(VIDEO) Student leaders from numerous organizations work together on Carol of Lights®.
Every December Texas Tech University shines with thousands of lights during the Carol of Lights® ceremony. Behind the scenes, countless hours are put into the planning, setup, execution and cleanup by Texas Tech students for one of its most cherished traditions.
Craig Kuehnert, assistant director of Student Leadership Development in University Student Housing, said approximately 200 students are involved in some capacity with the planning and implementation of Carol of Lights®.
These students are led by the Carol of Lights® committee within the Residence Hall Association.
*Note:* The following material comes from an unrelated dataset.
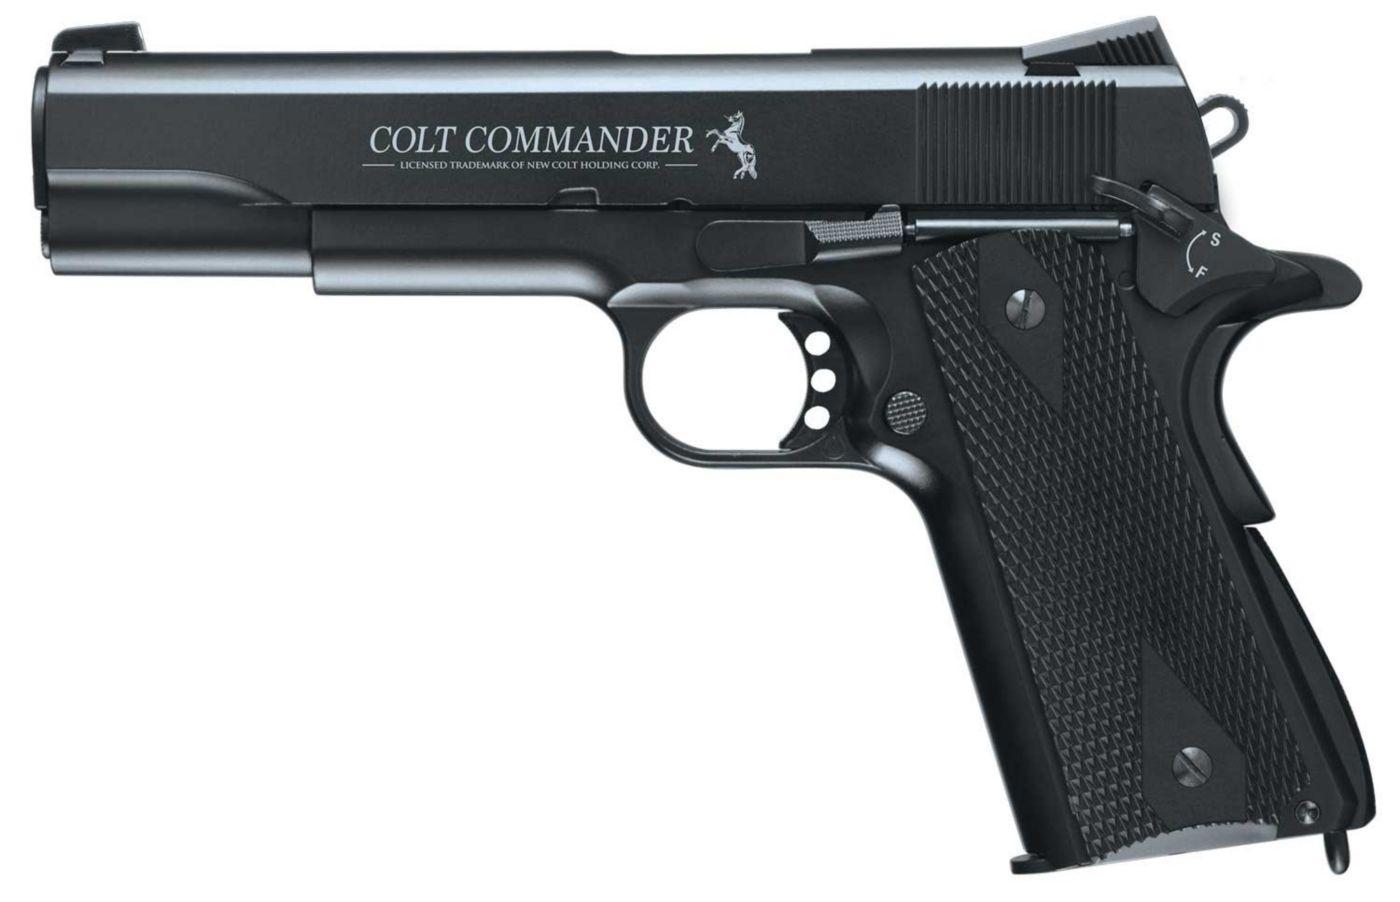 Colt Commander .177 Cal BB Gun

The committee plans and works on the event months in advance and starts planning for the next year soon after it completes the ceremony for the current year.
"The Carol of Lights is a wonderful tradition of Texas Tech University that has been celebrated for decades," Texas Tech President Lawrence Schovanec said. "I look forward to joining with the Texas Tech family and our community at this event which marks the beginning of the holiday season."
Amy Witt, a senior biology major from Sweetwater, is one of those 200 students. As the president of the Women's Service Organization (WSO), she helps build the wreath on display in front of the Science Building.
"It is an honor and blessing for every member of WSO to be a part of such an amazing tradition at Texas Tech," she said. "WSO has been participating in Carol of Lights® for as long as I can remember, and it is something we all look forward to every year."
The organization is more than happy to have a hand in Carol of Lights®. Witt has been part of WSO for four years and has helped build the wreath every year. Traditionally, returning members will pass on their knowledge to new members in the organization. The Carol of Lights® committee and Texas Tech grounds crew also work with the women on preparing and finishing the wreath.
WSO started preparing for Carol of Lights® at the beginning of November and started building the wreath Monday. The entire building process typically takes three days and the wreath is expected to be completed today in preparation of the event on Dec. 2.
Roman Padilla, a senior sociology major from Lubbock and the president of Alpha Phi Omega, is another student who helps with Carol of Lights®. The organization, in conjunction with Chi Ro, lights all of the luminaries around Memorial Circle, the Broadway entrance to campus and the Engineering Key.
"It is very fulfilling getting to be a part every year of such a tradition," he said. "Knowing you are a part of the celebration that so many people come out and see, I can't even explain it."
Padilla received his first email about helping with Carol of Lights® about three months ago. For about a month, the group has been getting the materials and folding the bags for the luminaries.
Whitney Shaffer, a senior biochemistry major from Amarillo, is the president of Raiders Helping Others.
"Our organization assists with some of the behind-the-scenes work when it comes to Carol of Lights®," she said. "We run the lost and found tent, pass out the glow sticks, help with cleanup and other small tasks during the event such as guarding the sound booth or escorting people from one place to the other."
Shaffer said it is amazing to see the Texas Tech and Lubbock communities come together for the event. The smile and excitement on people's faces is rewarding.
"It is eye-opening to me because there is so much preparation that goes into Carol of Lights® and so many people that help in some way or another," she said. "Overall this is something I feel everyone should attend, it really helps to ring in the holiday season."
There are many people across campus involved in making Carol of Lights® successful. Being behind the scenes has opened Shaffer's eyes to how much goes into the event.
"The Residence Halls Association has sponsored Carol of Lights® for 58 years, and student involvement in the coordination of the event remains vital to our operations," Kuehnert said. "Many of the student groups that are involved, like the Saddle Tramps, High Riders and Women's Service Organization, have been connected in the planning process for more than 30 years. Many of the most loved parts of the tradition are possible because of the work of our student groups on campus."
Every year students bring new and creative ideas to Carol of Lights®. Students who are connected with the university by participating in campus traditions are more likely to succeed academically, Kuehnert said.
"The students help us create advertising, facilitate the event and bring holiday cheer to campus," Kuehnert said. "From the vocal performers to the students that help pick up trash after the event, students are critical to the overall success of the Carol of Lights®."